# Material for the task
──────

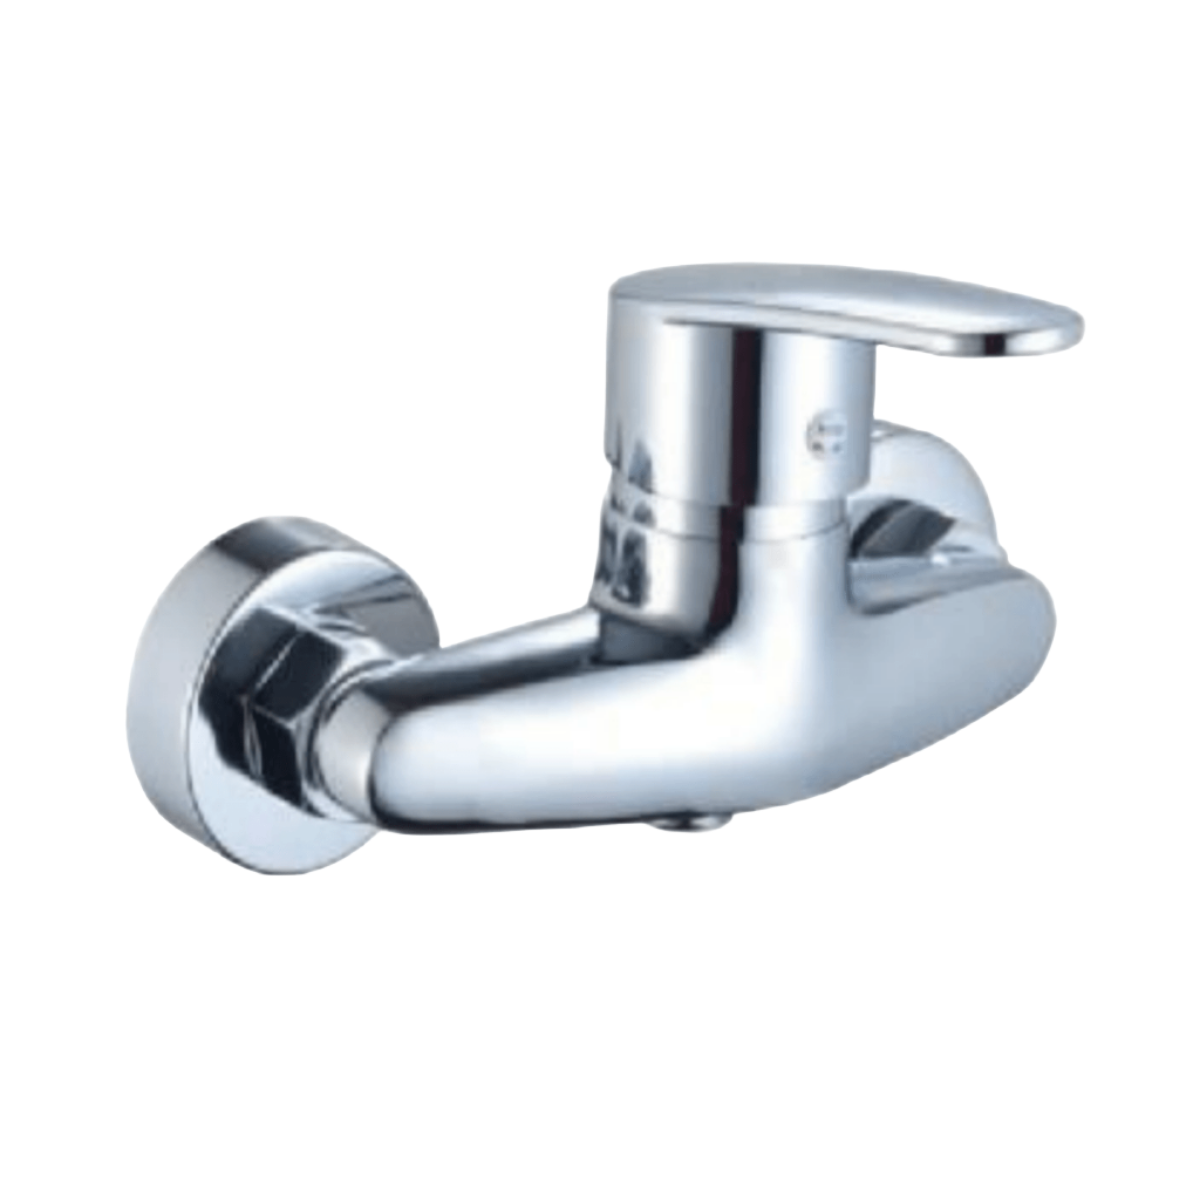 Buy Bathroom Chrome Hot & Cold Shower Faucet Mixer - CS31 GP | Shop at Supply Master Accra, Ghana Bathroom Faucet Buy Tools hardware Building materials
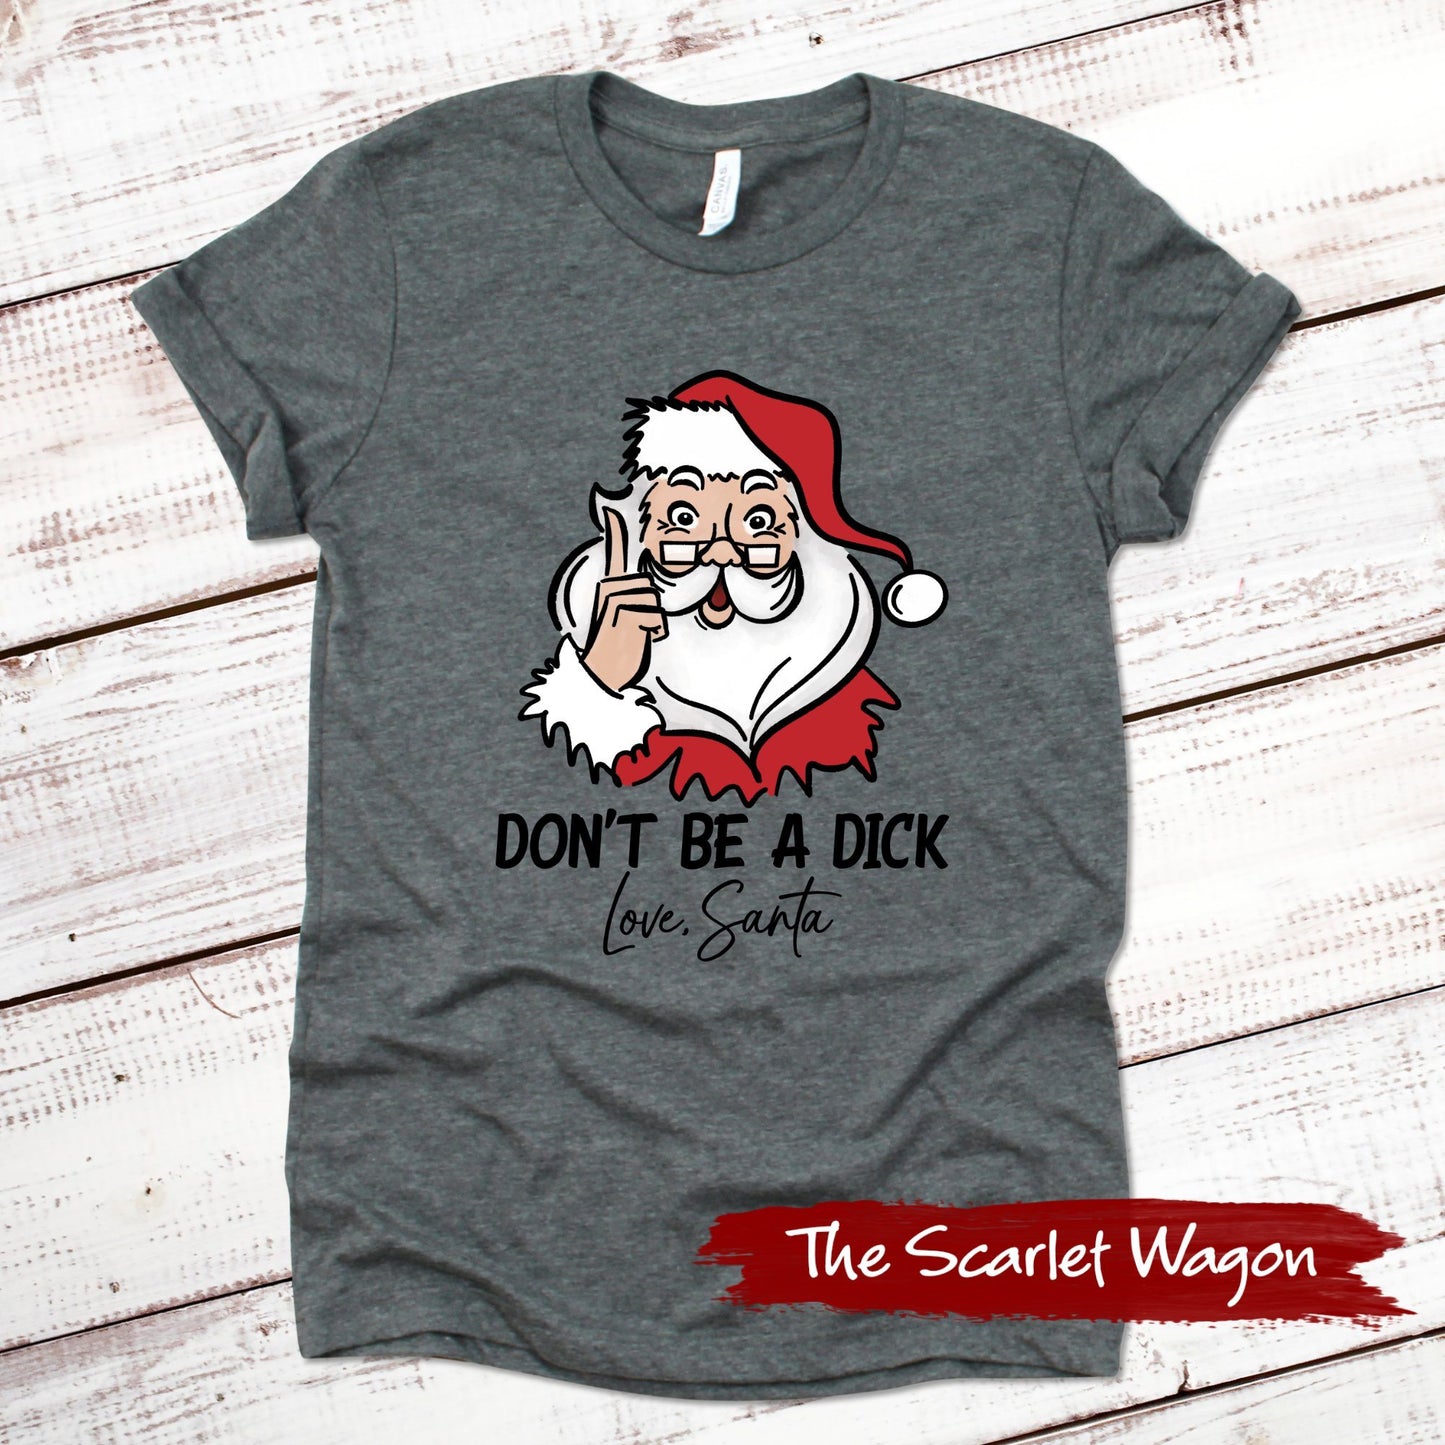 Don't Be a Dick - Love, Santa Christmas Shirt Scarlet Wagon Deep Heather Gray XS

──────

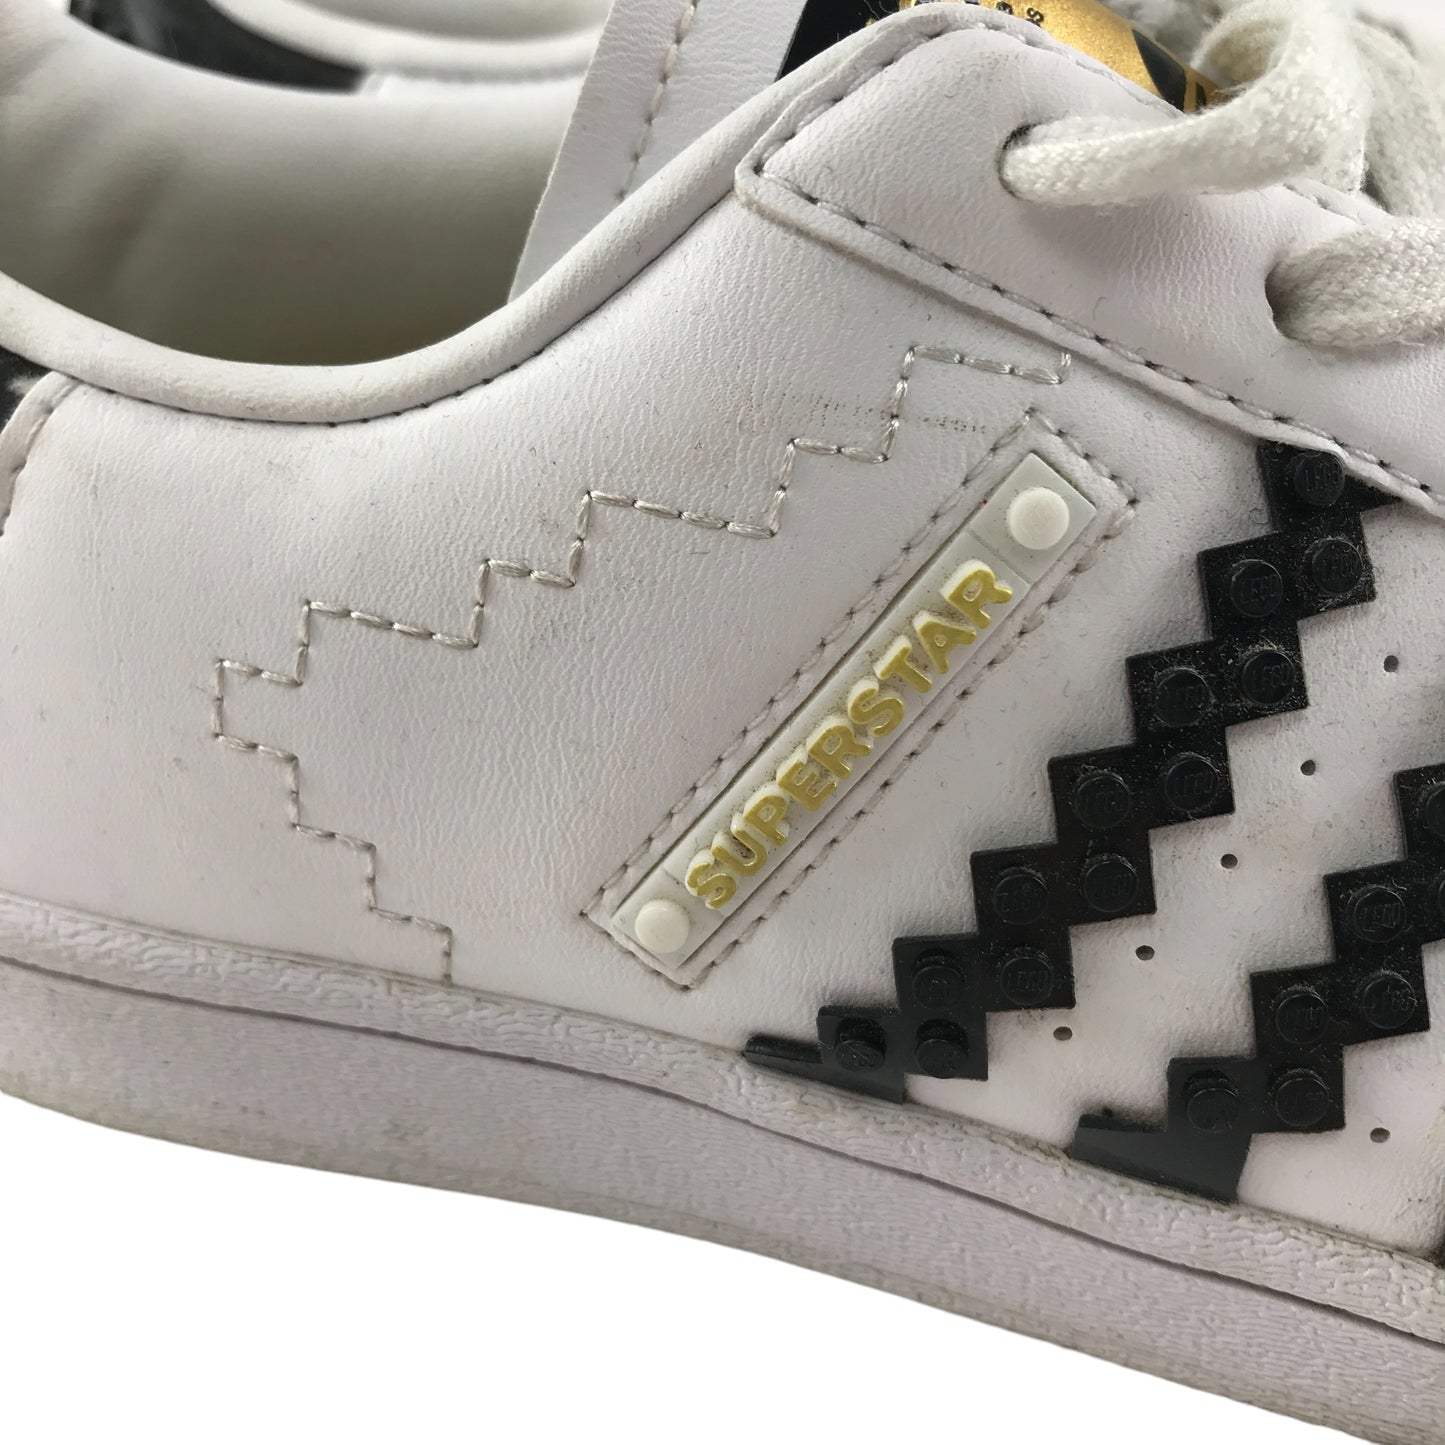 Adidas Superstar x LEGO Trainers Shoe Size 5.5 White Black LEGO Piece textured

──────

# Task objective
What do the entries above read from the line containing "Buy Bathroom Chrome" through the line containing "Don't Be a Dick"? Output those lines exactly, both ends included, with the pictures left out.

# Solution for this exercise
 Buy Bathroom Chrome Hot & Cold Shower Faucet Mixer - CS31 GP | Shop at Supply Master Accra, Ghana Bathroom Faucet Buy Tools hardware Building materials
 Don't Be a Dick - Love, Santa Christmas Shirt Scarlet Wagon Deep Heather Gray XS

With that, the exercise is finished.